Then, still excited by the description of his work, Ahmed talks again about the curfew and explains how the evenings are organized: “People start coming at about 10 pm. At the beginning, the audience and the musicians meet each other: they talk, discuss, laugh and joke. Immediately, a familiar and relaxed atmosphere is created. Then the show begins and lasts until 1:30 am, more or less; at that time we offer some food to the audience, we sit on the floor around small and low wooden tables, and we all eat together. This is a ritual I really care about. Finally, for those who do not fall asleep, we project the recordings of old performances or movies. So no one leaves until 6 in the morning”. When asked if there have ever been problems with the police or the military, he smiles and answer: “The only problem we’ve had is when we sent e-mails to our loyal customers, explaining this project to them. We received so many enthusiastic answers that we got worried: as you can see, the place is not big and there is no room for more than thirty people a night. But fortunately, so far, we never exceeded this number”.
The place is on two floors. At the entrance there is a large hall with high ceilings, where the artists perform; the audience usually sits on the floor or on red and black wooden chairs; big coloured carpets cover the entire floor. Wooden stairs, close to the wall, lead instead to the upper floor: here is the study of the owner; a comfortable sitting room with red sofas, and another small room: “That’s the administration, the guys working here (about ten) are very jealous of that small room” says Ahmed, pointing it with his hand. “There are the computers they use to record the evenings, make the CDs and listen to them again.

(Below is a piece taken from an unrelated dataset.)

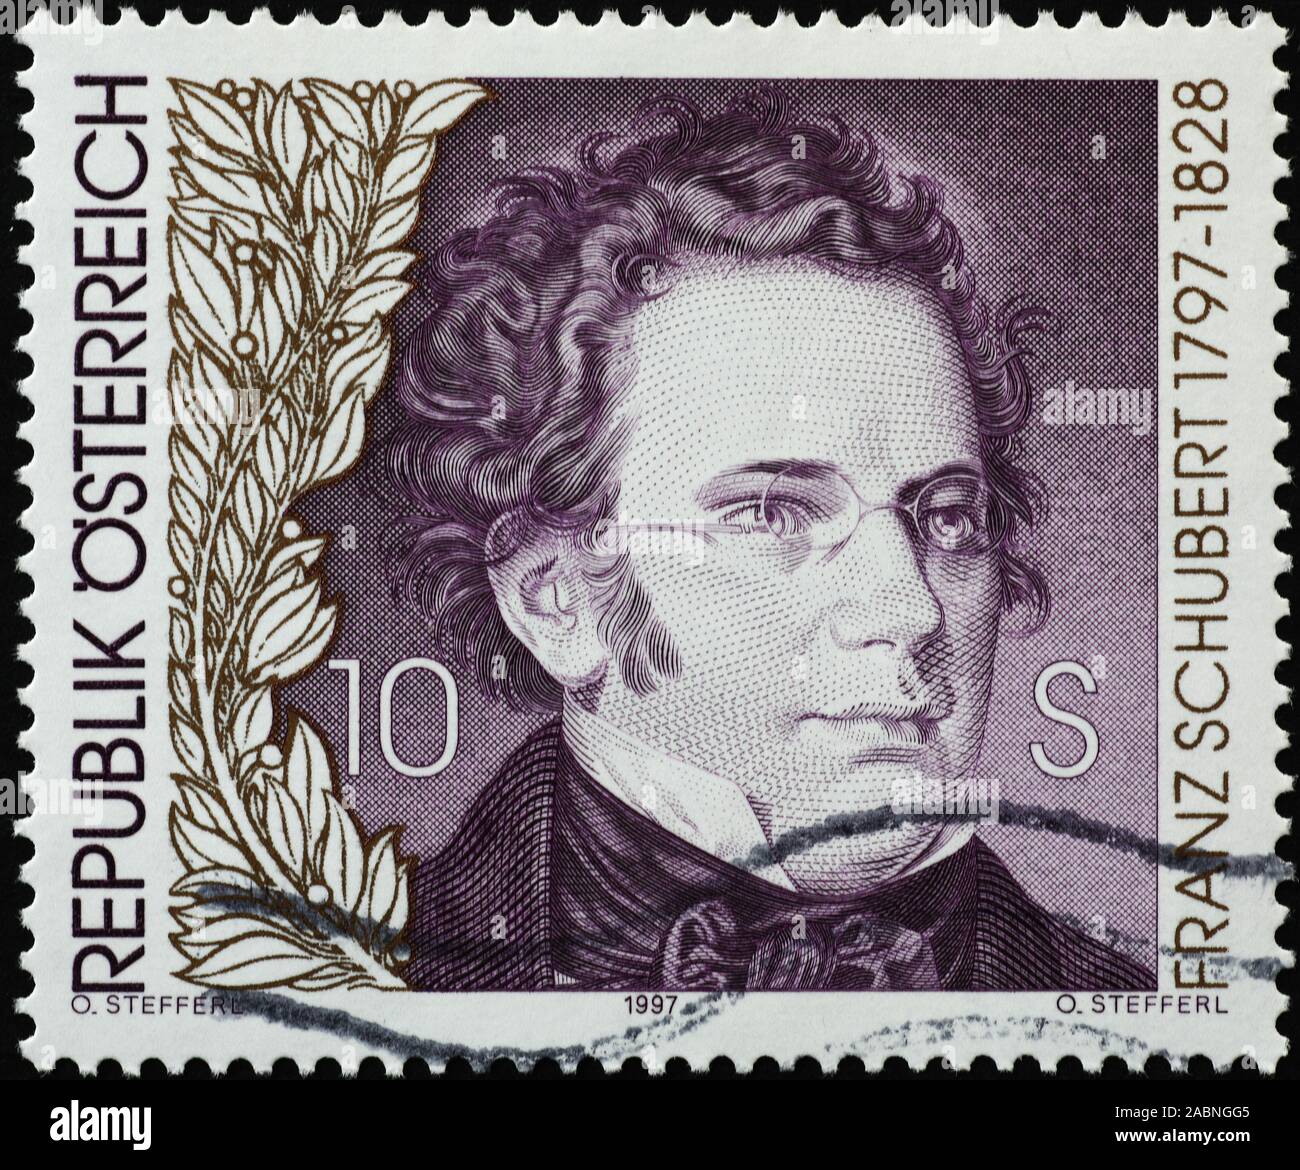 Portrait of Franz Schubert on austrian postage stamp Stock Photo

It’s the modern part of the building” he concludes, a hint of a smile. Overall, it’s a very original, warm and friendly environment.
At about 23 the place is almost full. An artist who works in a nightclub in the way of the Pyramids in Giza, comes up and says that “this place is an outlet for Egyptians frustrated by the curfew. At night everything is closed: restaurants, bars. The streets are deserted after 11: it seems to live in another city.” There are also, however, those who appreciate the desolation of the streets of the city: “Two nights ago, at about three o’clock, I was walking across the bridge Qasr al-Nil, a stone’s throw from Tahrir here, I had never seen it empty, how exciting! I wanted to scream, I was happy. I felt like the king of the city”, exclaims a young, very exuberant musician.
Not far away, Salma, a twenty-year-old girl, explains: “Instead of staying at home doing nothing, I come here. My parents know it and don’t get worried. It’s just a way to do something and listen to some good music”. The girl, a frequent visitor of the place, has brought large trays of food that will be offered in the second part of the evening.
After three o’clock in the morning, the musicians have a rest and lie down on big pillows. Meanwhile, the owner, still very active, projects on the largest wall in the room a silent documentary, showing images of distant and exotic landscapes. For those who want, instead, it is possible to watch again the recording of the previous evenings in the small room upstairs. Finally, at 6 am, the first sleepy people begin to go out, plunging into the unmistakable roar of Cairo traffic. Many others, instead, will leave later, less sleepy but still dazed by the long night spent at Makan.